Tucker argues that the trial court exceeded its statutory authority in sentencing him
to 60 months in confinement. This is so, he asserts, because he was convicted of an
unranked felony under chapter 69.50 RCW and therefore cannot be sentenced to more
than 12 months in confinement. The State contends that Tucker was properly sentenced,
because he was found guilty of attempted delivery of cocaine under RCW 9A.28.020, the
general attempt statute, and RCW 69.50.401, which prohibits delivery of a controlled
substance.
A trial court may impose only a sentence that is authorized by statute. State v.
Bennett, 139 Wn.2d 462, 464, 987 P.2d 626 (1999). We review de novo whether a trial
No. 70951-8-1/2
court exceeded its statutory authority under the Sentencing Reform Act of 1981, chapter
9.94A RCW. State v. Murray. 118 Wn. App. 518, 521, 77 P.3d 1188 (2003).
Chapter 9A.28 RCW criminalizes three anticipatory offenses: attempt, solicitation,
and conspiracy. In re Pers. Restraint of Bowman, 109 Wn. App. 869, 873, 38 P.3d 1017
(2001). For persons convicted of an anticipatory offense under this chapter, the
presumptive sentence is 75 percent of the range for the completed offense. RCW
9.94A.595; State v. Chavez, 163 Wn.2d 262, 271 n.8, 180 P.3d 1250 (2008).

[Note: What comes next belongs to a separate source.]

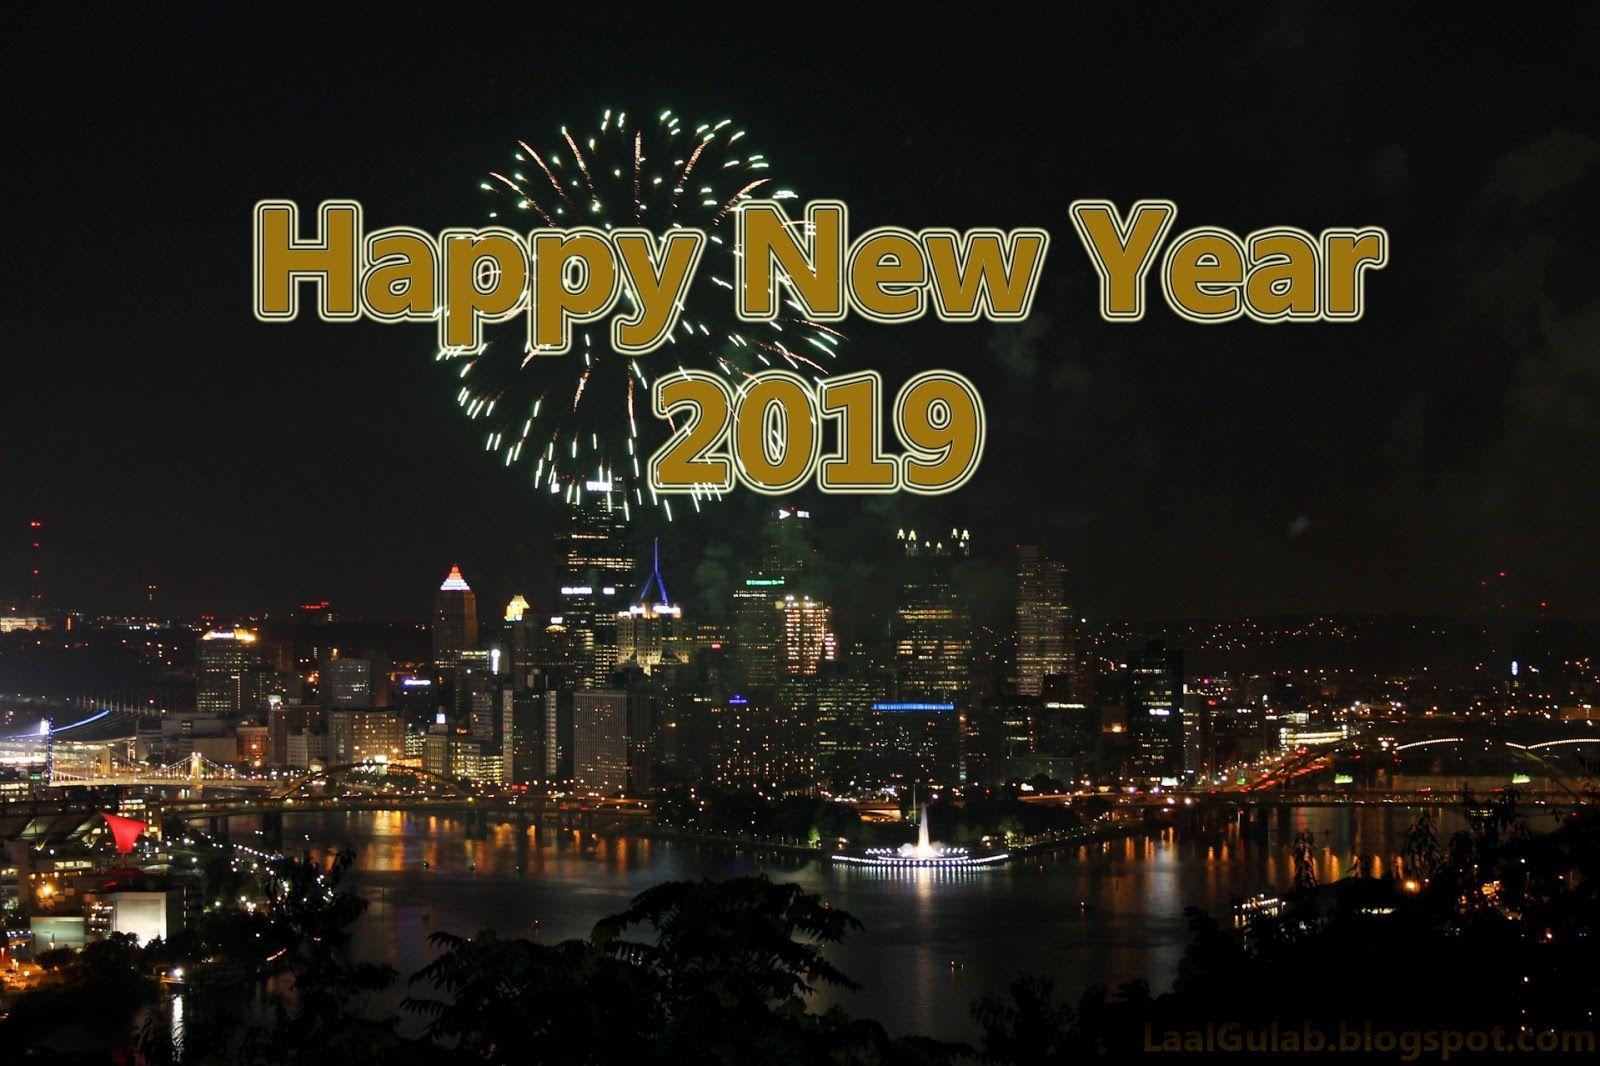 Happy New Year 2019 Wallpaper HD Image 2019 Happy New Year 2019

Chapter 69.50 RCW has its own anticipatory offense provision, which prohibits
attempt or conspiracy to violate the Uniform Controlled Substances Act. RCW 69.50.407.

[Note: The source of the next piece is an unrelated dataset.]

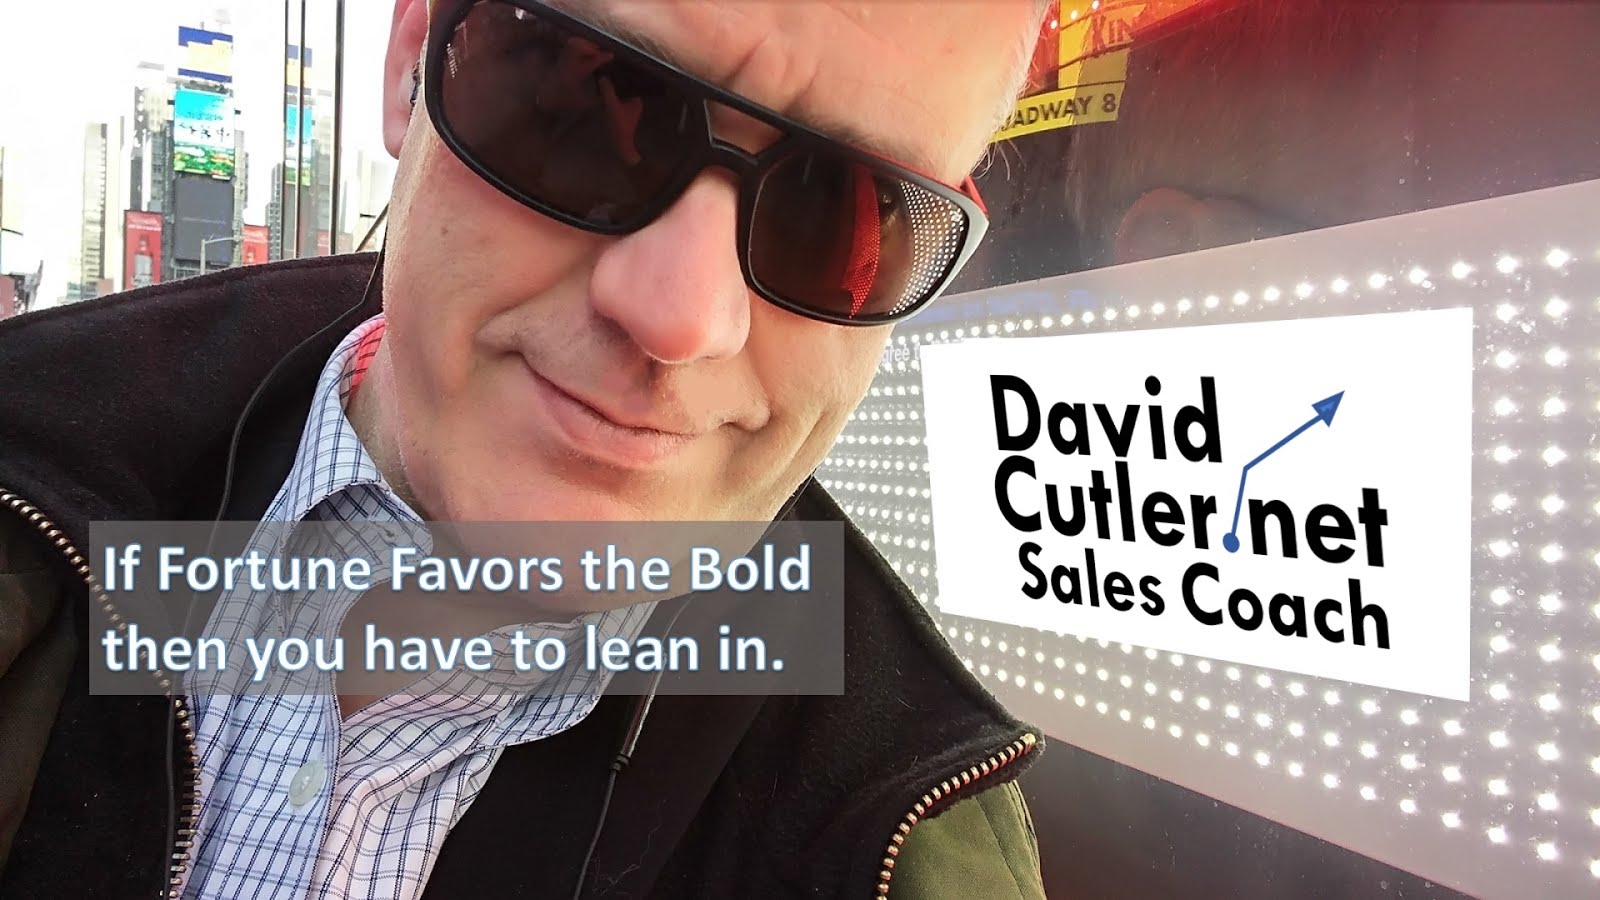 David Cutler Sales Coach

Anticipatory offenses charged under chapter 69.50 RCW do not have a seriousness level
and are therefore unranked. State v. Mendoza. 63 Wn. App. 373, 378, 819 P.2d 387
(1991). The standard range sentence for an unranked felony cannot exceed 12 months
confinement. RCW 9.94A.505(2)(b); State v. Steen, 155 Wn. App. 243, 249, 228 P.3d
1285(2010).
Washington courts have "consistently and specifically distinguished between
anticipatory offenses expressly included within [chapter] 69.50 [RCW] as opposed to
those generally falling within [chapter] 9A.28 [RCW]." In re Pers. Restraint of Hopkins,
137 Wn.2d 897, 902, 976 P.2d 616 (1999). "'[W]hen a general and specific statute
proscribe identical conduct under identical circumstances, the prosecutor has no
discretion—he must proceed under the specific statute.'" State v. Robv, 67 Wn. App.

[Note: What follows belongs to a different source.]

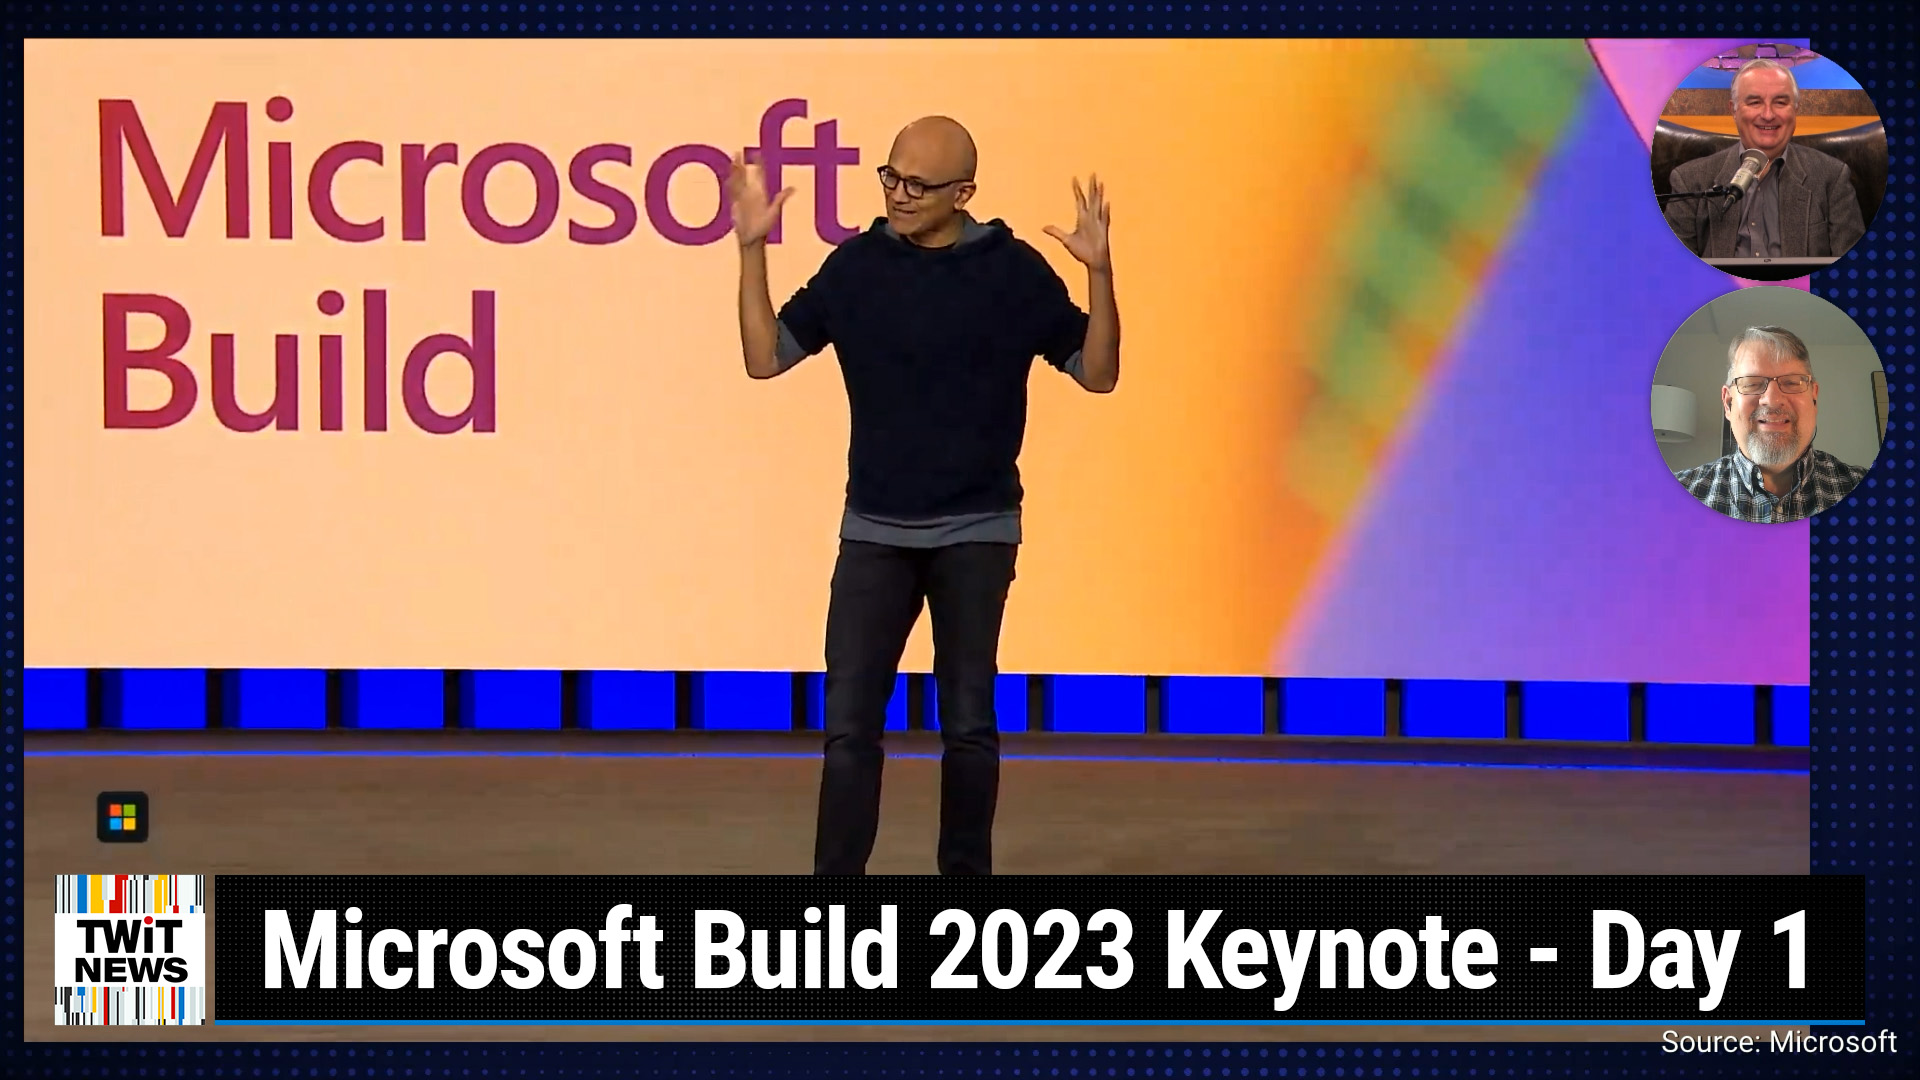 Microsoft Build 2023 Keynote Day 1

741, 747-48, 840 P.2d 218 (1992) (quoting State v. Austin, 39 Wn. App. 109, 112, 692
P.2d 206 (1984), affd, 105 Wn.2d 511, 716 P.2d 875 (1986)).
No. 70951-8-1/3
RCW 69.50.407 is the specific statute relating to attempts to commit drug related
crimes, jd. at 747. Thus, when applicable, the State must charge a defendant under
chapter 69.50 RCW to the exclusion of chapter 9A.28 RCW. State v. Casarez-Gastelum.
48 Wn. App. 112, 118, 738 P.2d 303 (1987); State v. Hawthorne, 48 Wn. App. 23, 27,
737 P.2d 717 (1987).
Tucker was charged and convicted under both chapter 9A.28 RCW and chapter
69.50 RCW. This was improper. Tucker was convicted of an unranked felony under
chapter 69.50 RCW. We remand for resentencing consistent with RCW 9.94A.505(2)(b).